On 19 and 20 July 2010, the Supreme Court will hear an appeal in the criminal case of R v Maxwell. The case concerns the Court of Appeal’s power to order a retrial. In 1988 the Appellant and another man were convicted of murdering an 85 year-old man in a robbery at his home, and were sentenced to life imprisonment. They appealed unsuccessfully to the Court of Appeal in 1999, on grounds which did not relate to police misconduct. Following the intervention of the Criminal Cases Review Commission, the case was referred back to the Court of Appeal (Hooper LJ, Cooke and Swift JJ), which quashed their convictions in December 2009.
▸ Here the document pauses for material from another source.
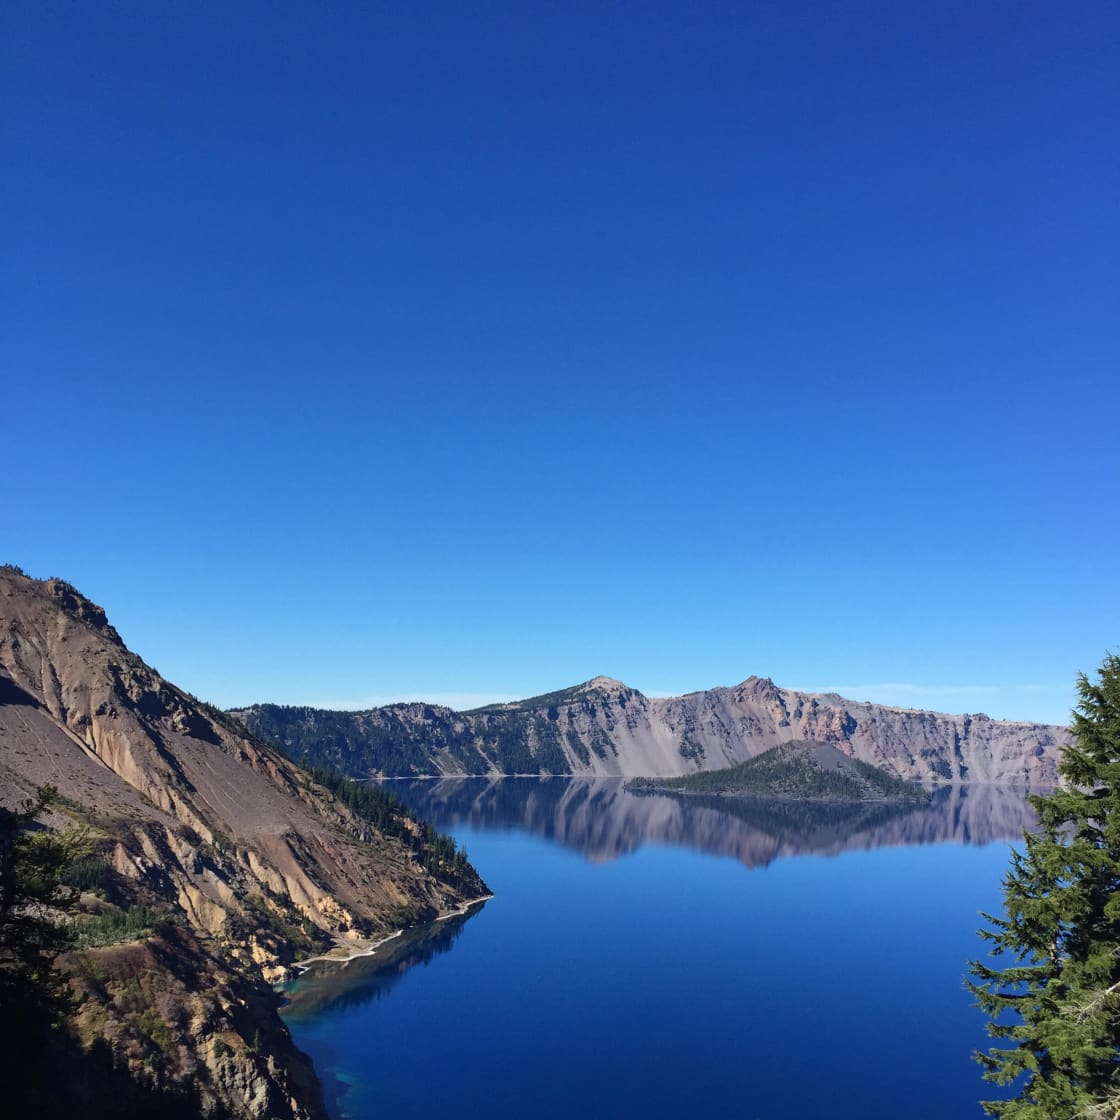 The calm after the storm brought about a bright blue sky day with mirror like conditions on the lake. The weather system during our time at Crater Lake allowed us to experience both ends of the spectrum from choppy lake to still water.

Following the successful appeal, the Appellant’s co-defendant was discharged, but the Court of Appeal ordered that the Appellant should face a retrial.  He is appealing this decision to the Supreme Court. Due to the potential retrial, Hooper LJ placed reporting restrictions on the hearing, preventing publication of the arguments advanced before the Court.  There was a report of the appeal decision in the Yorkshire Evening Post which gives some of the background.  The Court’s judgment has not been made public either, but the Supreme Court case summary indicates that the issue in the appeal is ‘Whether the Court of Appeal can order a retrial having quashed a conviction on the grounds of serious executive or prosecutorial misconduct, and if so, in what circumstances.’ The summary indicates that

‘An investigation by the Criminal Cases Review Commission into the West Yorkshire police investigation revealed serious police and prosecutorial misbehaviour, and the case was referred to the Court of Appeal in November 2008. The Respondent accepted at that stage that the convictions were unsafe, and that had the Court of Appeal been aware in 1999 of the benefits promised by police officers to the key witness the convictions would have been quashed then and a retrial would not have been ordered. The Appellant would have been released in 1999.’

It is not clear why the Court of Appeal considered that a retrial is appropriate in 2010, if the prosecution accepted that it would not have been appropriate in 1999. In any event, it will be interesting to see how the Supreme Court approaches the question of whether a person should be placed at risk of conviction a second time, when their first conviction was procured by misconduct on the part of the police and prosecution. There are strong public interest arguments in favour of denying the state a second chance to prosecute in such circumstances, however serious the offence.